I think you've already had this link - the info on the site is pretty comprehensive & up to date Spanish law tax and more | Spain lawyers accountants in English | ADVOCO

I have heard that they aren't taking on any new clients atm - but as I say, I'd be surprised if you can't find the answer to your questions there


----------



## WilliamS2013 (Apr 1, 2013)

Thank you guys,

I will check out INTSTAGES. Unfortunately I have looked everywhere for an answer to my question (including the ADVOCO site) and I cant really get a clear answer. I want to find out if I am a tax resident in Spain. I have lived here less than 2 months but I work on a permanent contract. There is a clause in Spanish law which says that if Spain becomes your center of financial interests you can be deemed a tax resident before spending 183 days here. Unfortunately they do not explain it in any more detail.


----------



## CapnBilly (Jun 7, 2011)

WilliamS2013 said:


> Thank you guys,
> 
> I will check out INTSTAGES. Unfortunately I have looked everywhere for an answer to my question (including the ADVOCO site) and I cant really get a clear answer. I want to find out if I am a tax resident in Spain. I have lived here less than 2 months but I work on a permanent contract. There is a clause in Spanish law which says that if Spain becomes your center of financial interests you can be deemed a tax resident before spending 183 days here. Unfortunately they do not explain it in any more detail.


I think this (in red) answers your question


Fiscal Residence : If an individual is in Spain for over 183 Days in any Fiscal Year (This correlates with the Calendar Year in Spain) he or she will be automatically deemed resident in Spain for tax purposes. There can also be an automatic inference of tax residence on the basis that family members live in Spain (i.e. that children are in school), that one has the intention to permanently reside in Spain or, if a business has been established in Spain that it is the centre of economic interest. 

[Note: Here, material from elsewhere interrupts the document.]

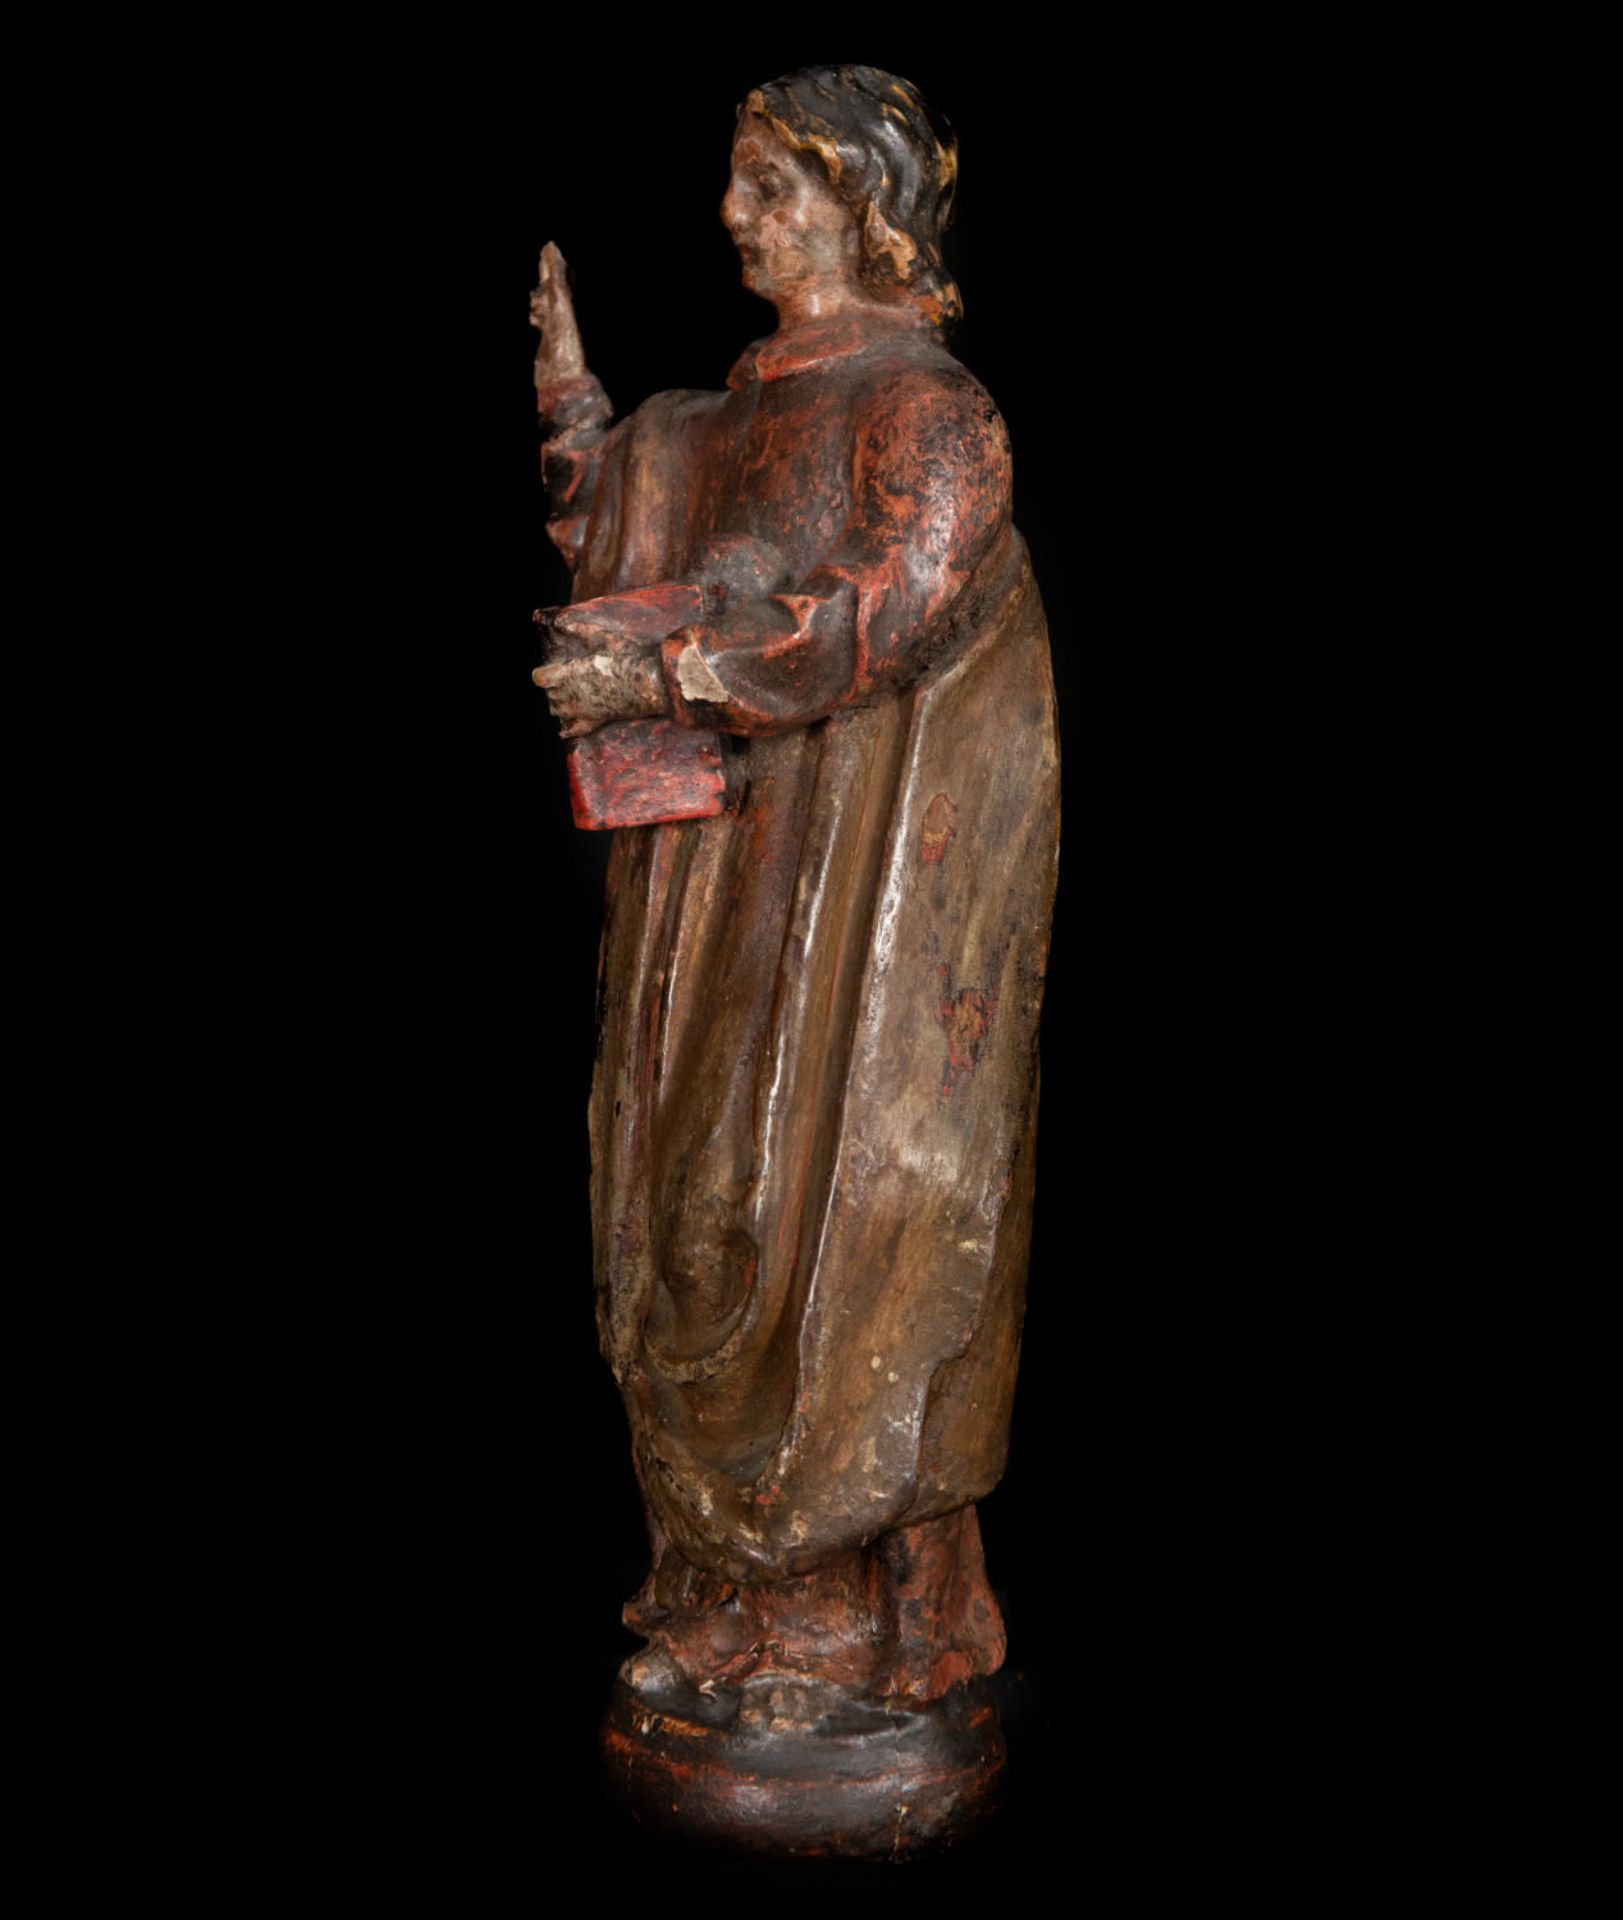 Wooden carving of Saint John the Evangelist, 17th century - Image 3 of 5

I think you would find it difficult to argue that you don't intend to permanently reside in Spain, if you have a contract of employment, and presumably somewhere to live. This also ties in with the need to register on the Registro de Extranjeros, which is after 90 days, or IF you intend to reside here permanently.


----------



## WilliamS2013 (Apr 1, 2013)

That is the issue. I definitely did not intend to permanently reside here- hence why I paid higher rent to get a 6 month house contract. Having said that I now realise that many of the things I have done do make it seem like it was my intention to move here permanently (e.g. the job). That is why I need specialist advice. My intention was to move to spain for 4 or 5 months and to apply for positions in the UK during this time. Now I find myself in this mess  which could cost me several thousand £££... Steep learning curve! By the way I am still on the look out for an advisor in Barcelona who is trustworthy! There must be some well known brits who have moved here and started their own advisory service? or a local firm who had a good track record? 

Cheers guys!


----------



## WilliamS2013 (Apr 1, 2013)

Has anyone heard of a firm called legaliaspain? Legal Assistance In Spain | Spanish Lawyer.


----------



## stevenp93 (Jul 29, 2014)

CapnBilly said:


> I think this (in red) answers your question
> 
> 
> Fiscal Residence : If an individual is in Spain for over 183 Days in any Fiscal Year (This correlates with the Calendar Year in Spain) he or she will be automatically deemed resident in Spain for tax purposes. There can also be an automatic inference of tax residence on the basis that family members live in Spain (i.e. that children are in school), that one has the intention to permanently reside in Spain or, if a business has been established in Spain that it is the centre of economic interest.
> ...


We're in a not dissimilar situation in that we will move to Spain in September this year, and therefore spend less than 183 days in Spain in 2014 - therefore not resident for 2014. However, we will have a child at school so might reasonably be expected to fall under the categorisation of our "centre of vital interests" being in Spain, and therefore are resident. However, we have also been told that the "centre of vital interests" category was introduced to combat fraud/evasion and since we do not come into this category, we will be classed as non-residents for 2014 ! 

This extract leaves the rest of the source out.